At this moment the girl f.2 appears like a phantom, somewhere behind the child, so that he does not see her. She sees the doll on the ground with its head broken off to one side; she bends down, lifts it, fits its head back into place. Then she walks on, looking for a spot in the nearby forest. The boy c.2, now reaching the well, very close to its surface, after a few moments in which he smiles at the water, falls serenely into it, never to come out of it again. The girl f.2, having found the spot she sought at the edge of the forest, digs a pit. Noticing the red sun as it sets, she says:

f.2 — ...it wavers... it draws in dream-air... how deeply it passes through, in the streak of night... a sheen of marble... (as if to herself) ...the lake twinned... paired... paired... with red... beneath the vault of moons, of stars... triangles... the sun...

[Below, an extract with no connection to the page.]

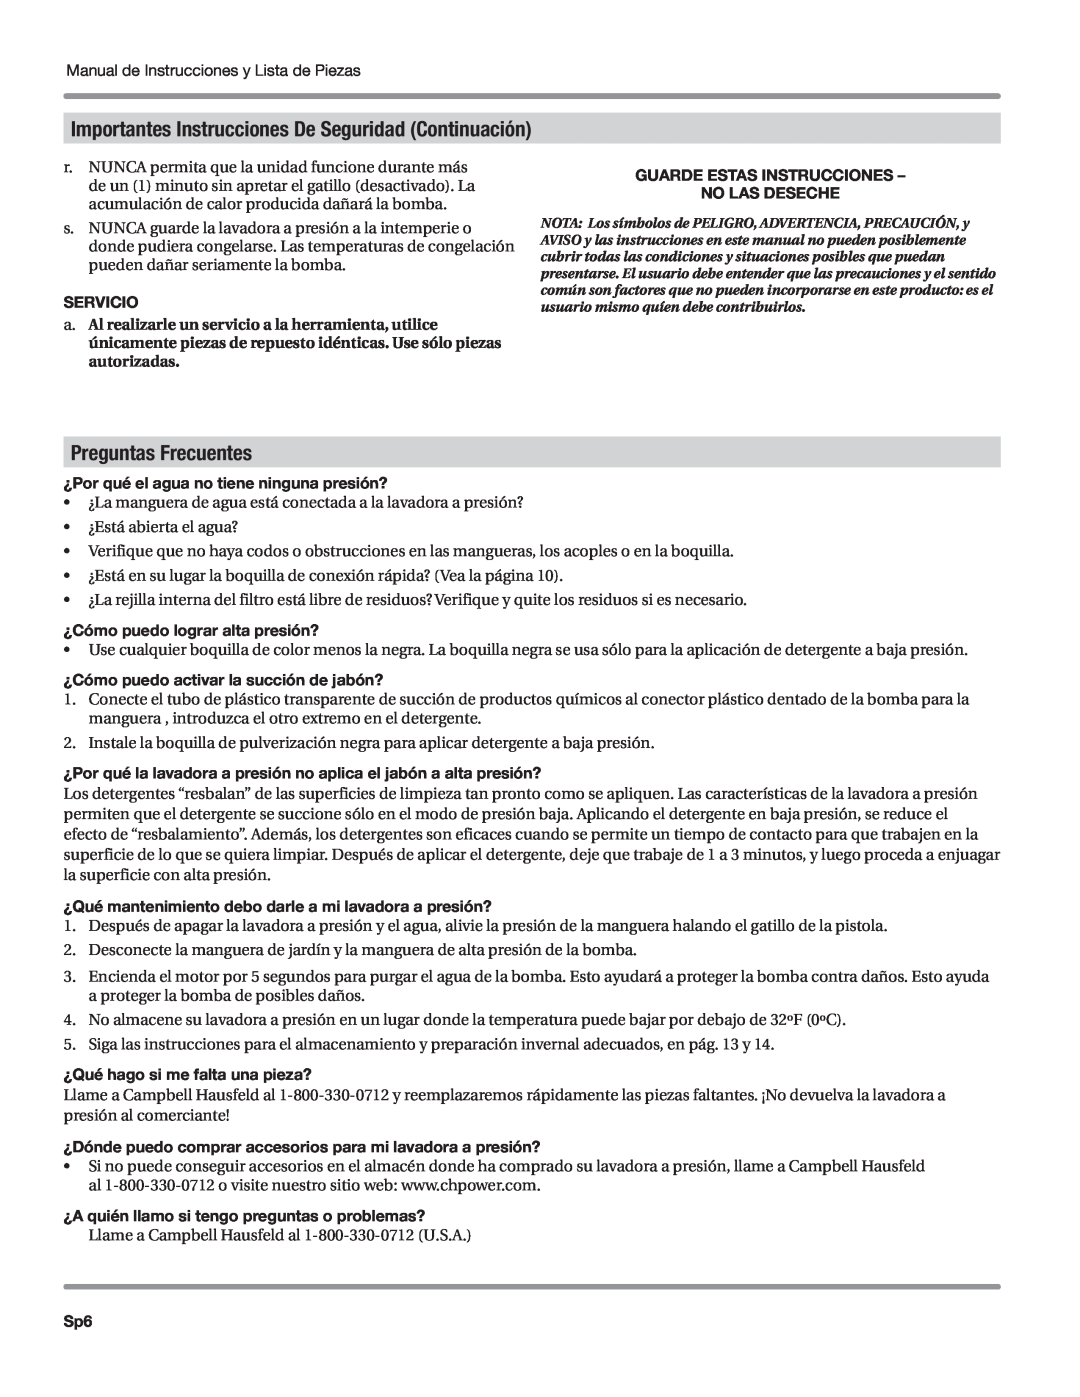 Campbell Hausfeld CP5101 manual Importantes Instrucciones De Seguridad Continuación, Preguntas Frecuentes, Servicio

At the moment she places the doll in the pit, green snow suddenly begins to fall over the whole stage. After a while, once the doll is completely buried, the girl f.2 turns to face the audience and stands there, silent in the snowfall, like a phantom. Slowly, the girl f.2 disappears beneath the stage (with the help of a trapdoor). A grave voice makes itself heard:

voice — And one more word went murmuring nearby, in the forest: « The well baptized itself out of dry, rare stone. It baptized itself all at once with storm-water. In its surface, your face in the sun you would glimpse, and on its sweep at once a bird you would see. » ...

The curtain falls.

--- THE END ---

For the director's information, I note that the actor who embodies the child c.2 will play both the wholly new figure p.1 and the wholly new figure p.2. Likewise, the actress who plays the little girl f.1 will also play the girl f.2.

ANDREI FODOREANU

approximate running time (text only): 70 min. — approximate running time (performed): 120 min.